Sazz approached me this evening with an interesting little challenge. She volunteers with a group called WIRE and has been charged with gathering a list of all GPs in rural Victoria in order to distribute information. Fortunately this information is available from the government's Human Services Directory search page, but the prospect of manually entering each suburb/town in Victoria and copying across the results was, clearly, less than thrilling.
To the rescue comes a really neat piece of Python technology named Mechanize.
The result was a 96 line script (including docstrings and proper comments!) that was able to query the website, parse the output, and spit out a list of 1290 GP clinics in the state, along with addresses and contact details.

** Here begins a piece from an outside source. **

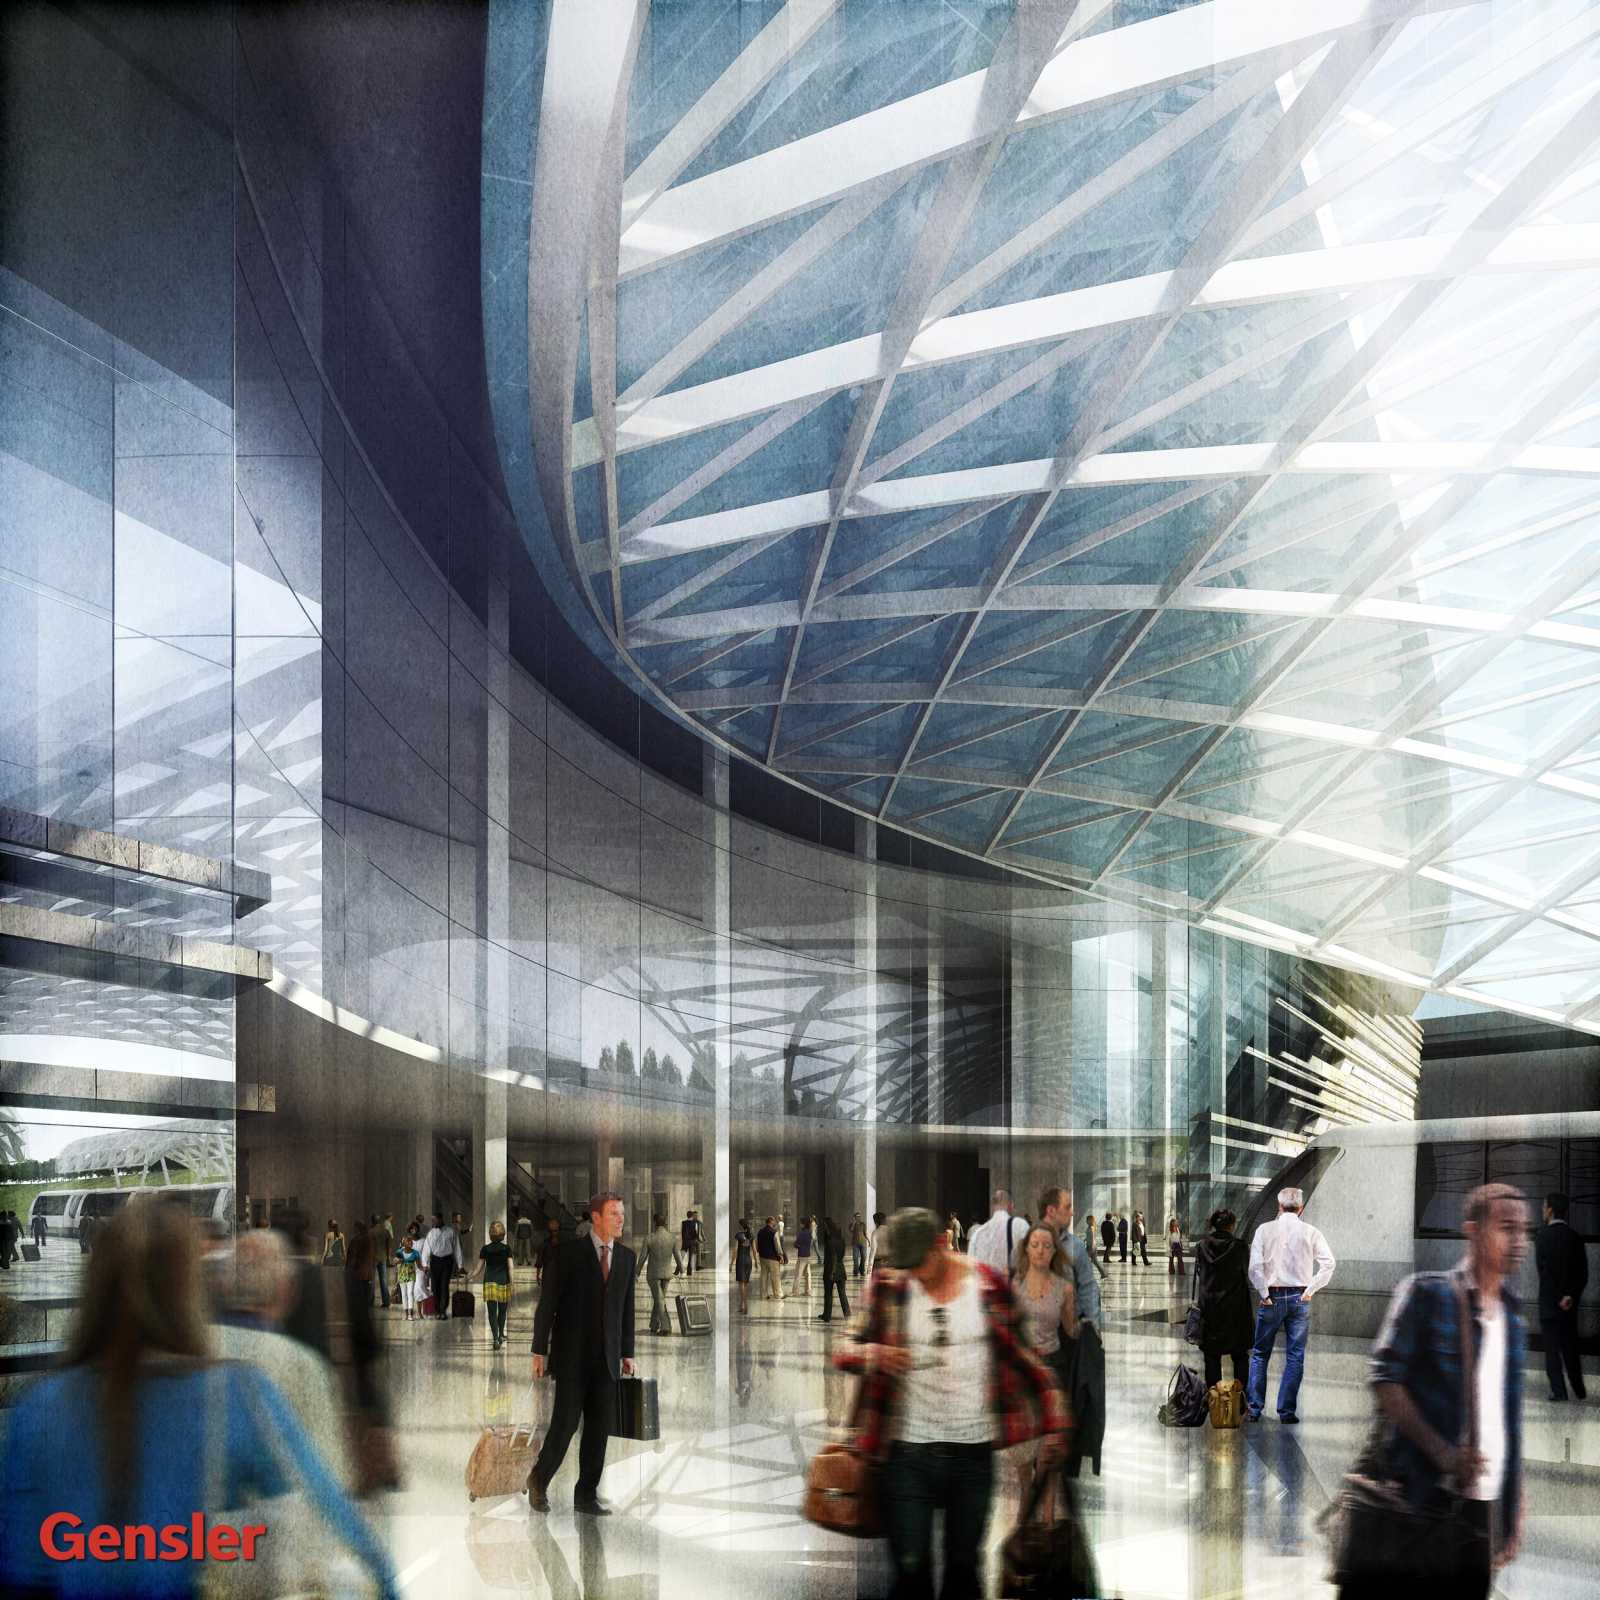 DENVER INTERNATIONAL AIRPORT BY GENSLER
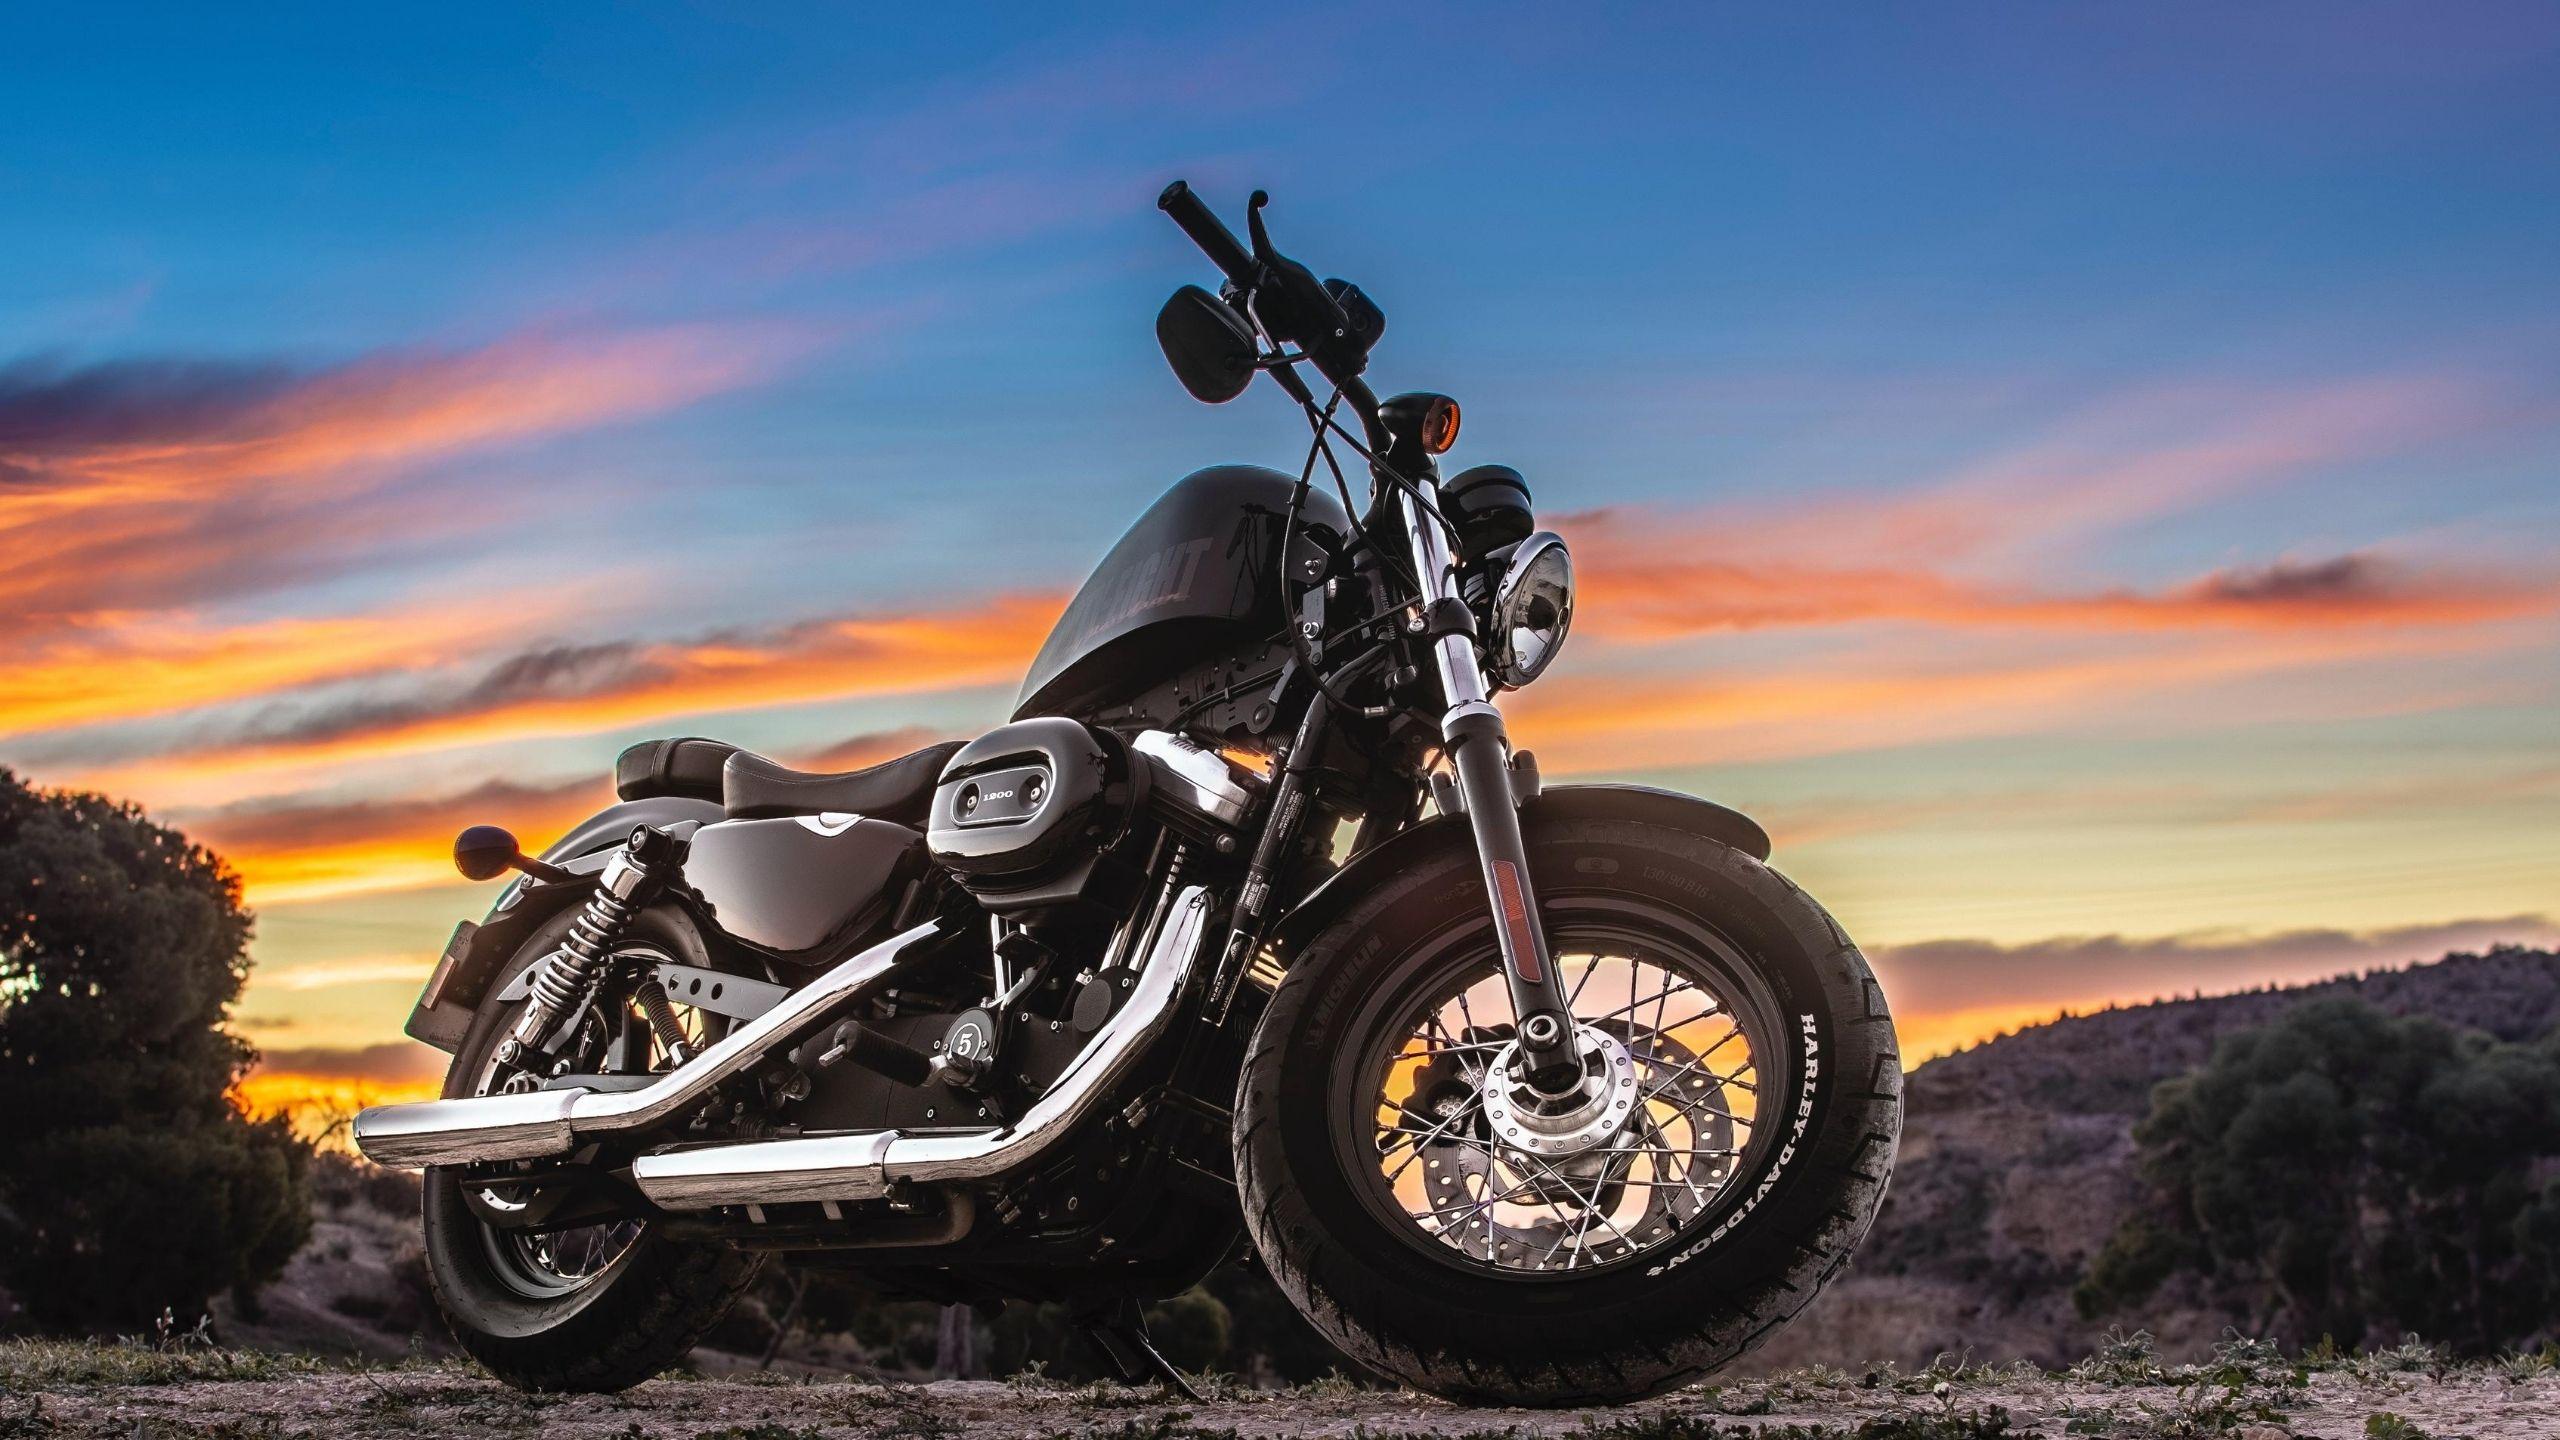 Newsweek AMPLIFY 7 Tips on Motorcycle Insurance

I've uploaded it if anyone is interested in seeing the Mechanize API in action: gp_lister.py.
Kudos to the Mechanize developers (developer?) for providing exellent docstrings on all the Python modules, making working with the API pretty much painless. My only complaint would be that the API docs should also be online to save having to read them from within the Python interpreter.
I understand that this library was inspired by a Perl library of similar name, so I'm not going to proclaim Python the ultimate platform for web-scraping technology. As much as I'd like to. But if you dont feel like wrapping your head around the $< /!@/< of Perl to get something like this done, I can heartily recommend Python and Mechanize.
Update [01/05/05, 0200]: Fixed some very obviously broken doubling-up of content. Remember kids, dont blog in your sleep.